Not completely alone, though. Rex pressed against her leg to comfort her in the way that only an intelligent animal can.
The Wild Mushroom Man stared hard at her as she and Rex approached his stand. My mother always said, “He looked like a black cloud on a clear day.”
“Forgot,” he said to her, as he squinted his little black seed eyes. Lily’s nose twitched. Rex sat and waited.
“You go see your grandmother,” he said. “Quick as you can, and right away.”
“My grandmother?” Lily said. “My grandmother’s dead.” This was true. Mae’s mother had died long ago.
“Not her,” the Wild Mushroom Man said. “The grand one.” And Lily knew by the admiring look on his wrinkled walnut face that he meant Alan’s mother Maud, her step-great-grand
mother by rights, not her grandmother at all. “Though I loved her more than if she had been my own,” my mother would say, and I would take comfort from it, not knowing till much later that the comfort came from knowing you could choose your family at need. “I always felt I had known her somewhere, some time before,” she would say.

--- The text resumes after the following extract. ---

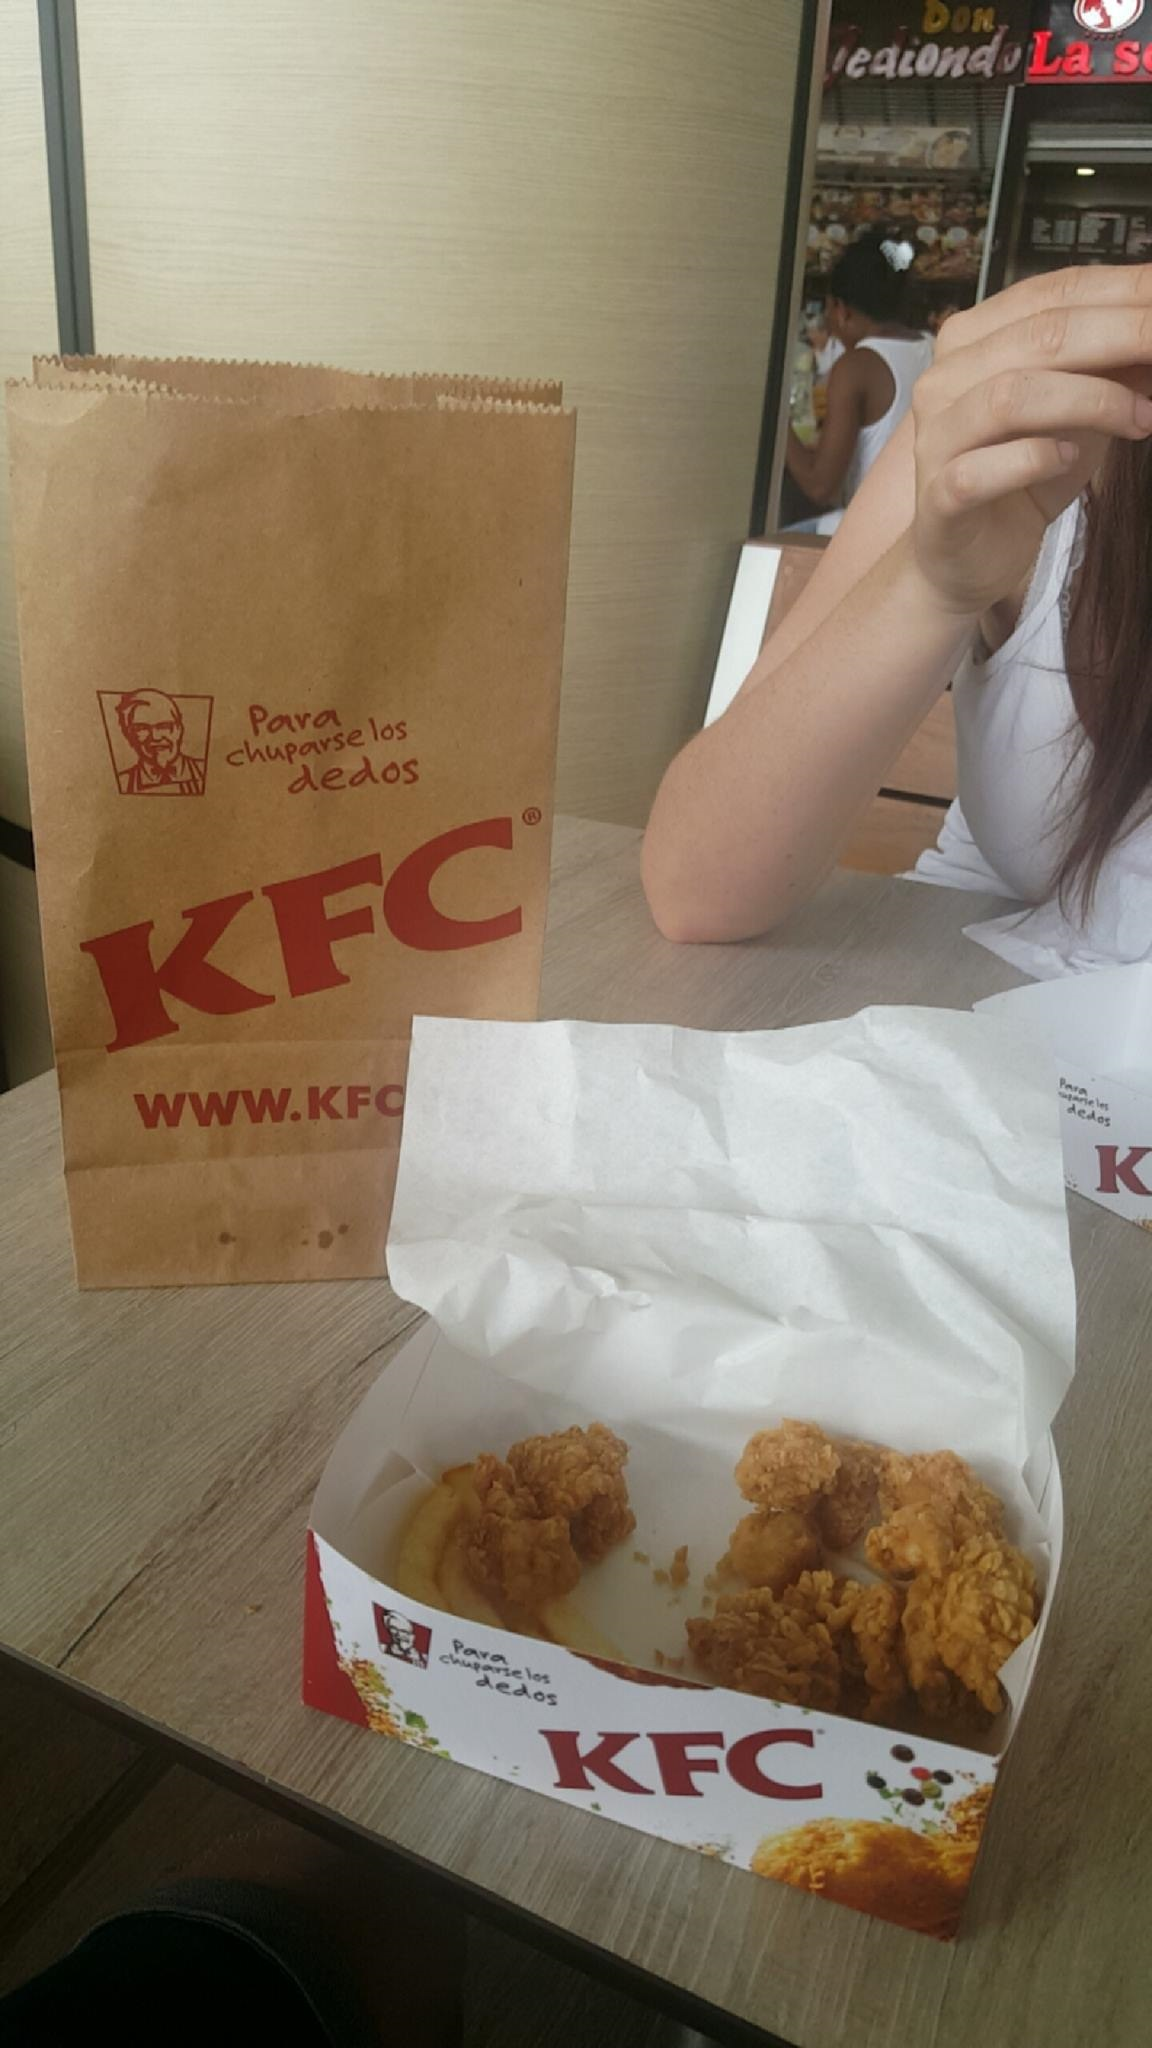 KFC Cali, Colombia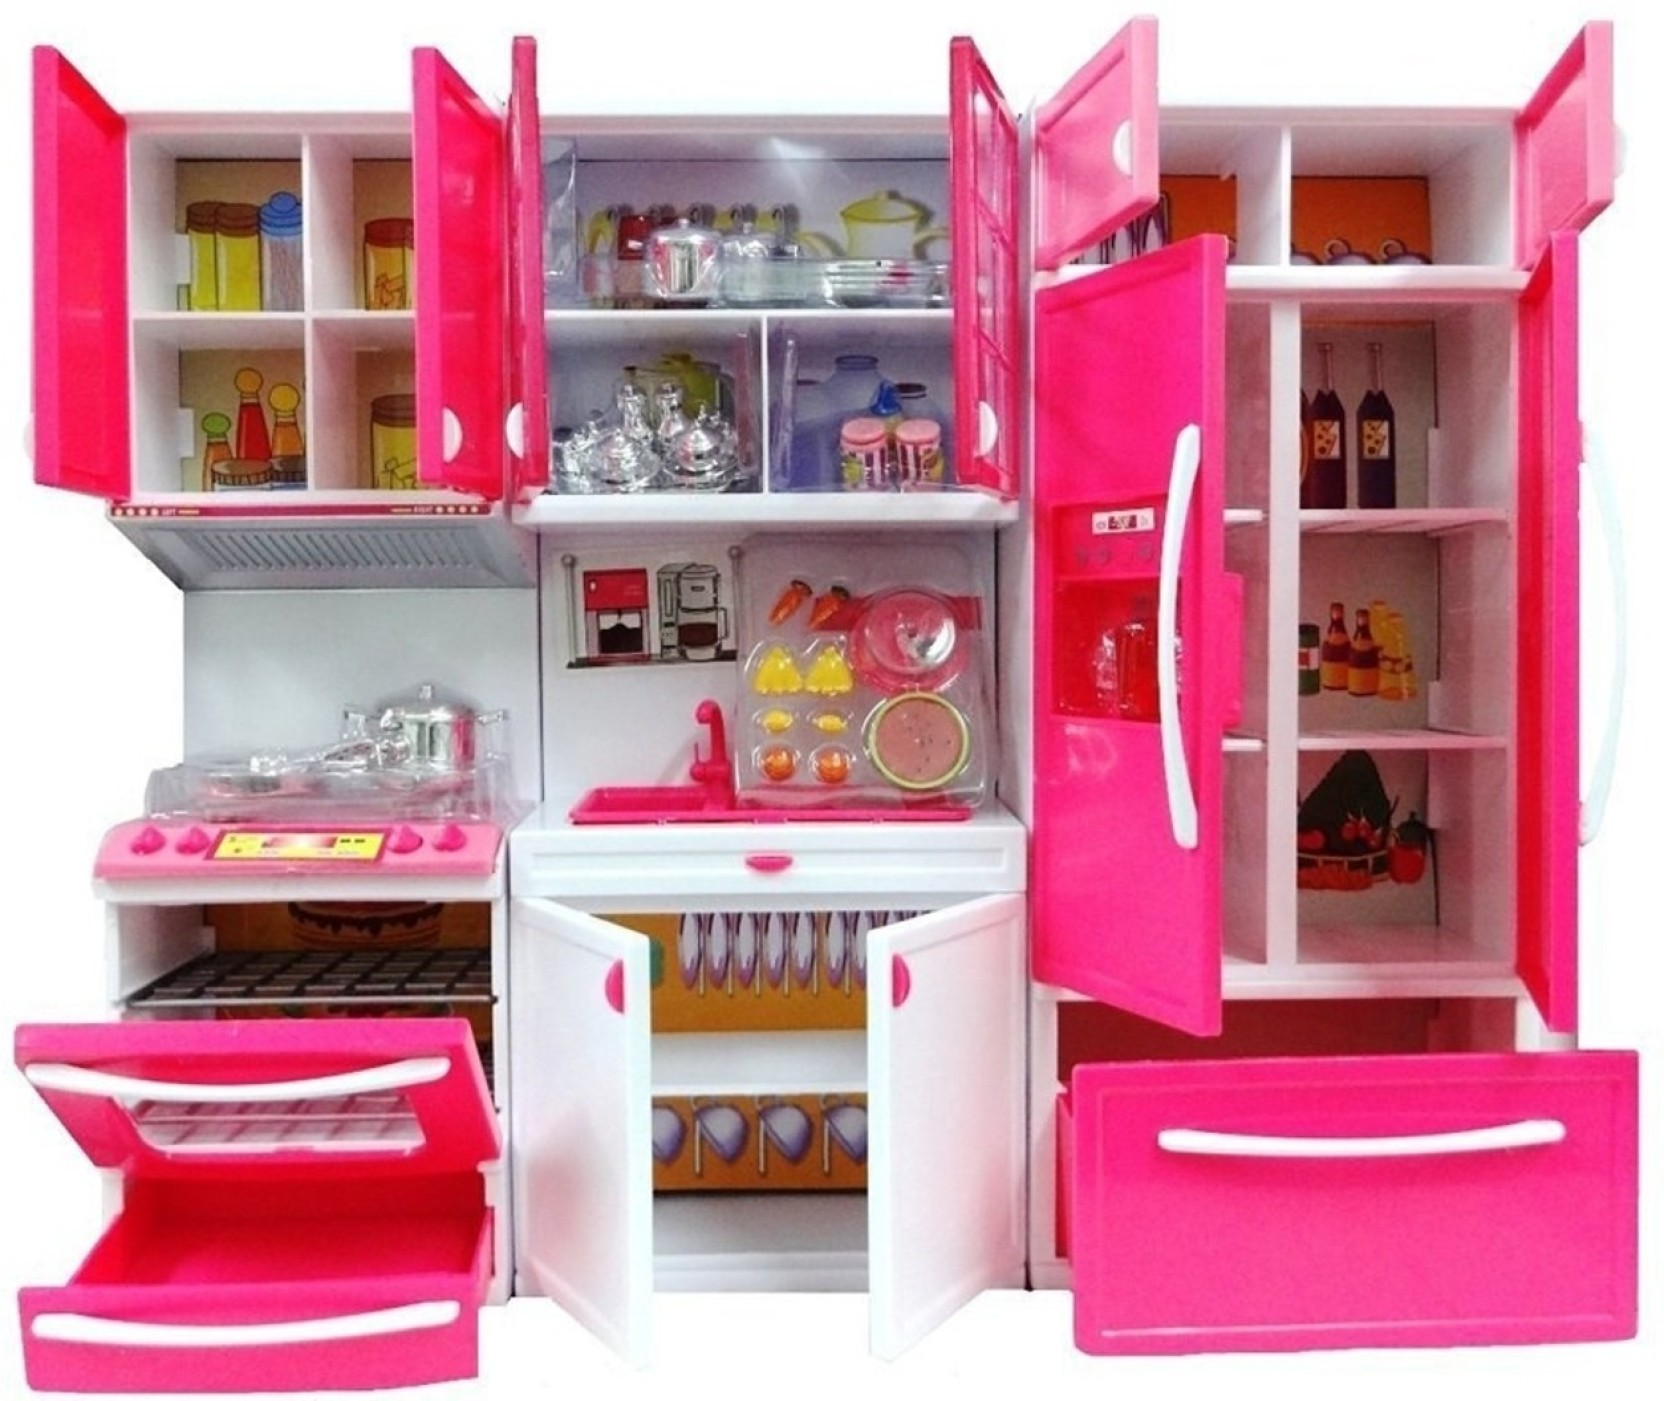 Kris toy pink stylish modular kitchen set for girls on offer

“We’ll be taking her to the Feast,” Lily said cautiously, not sure she understood him right. “We always bring Maud.” Or she brings us, she thought. My guess is she smiled to herself at the idea of anyone bringing Maud the Freedom Fighter (for that was how she was known even then, in our schoolchildren’s history books) anywhere she didn’t want to go.
“No,” he said. “Go now. Someone with her wants to see you. I met Her in the woods on Her way, and She told me so.”
Lily looked at him then. For a moment, it was as if the clamor of the market fell away, and all there was standing there were her and Rex and the Wild Mushroom Man.
Rex whined.
The Wild Mushroom Man thrust out a wrinkled dark-brown hand.
“Take her these,” he said. In his palm were a bunch of shriveled black mushrooms. These were Trumpets of Death, and she repeated their other name to herself—trompettes des morts—as she tucked them away in her basket.
“Thank you,” she said. The sound from the market came back up, as if it were a normal day after all.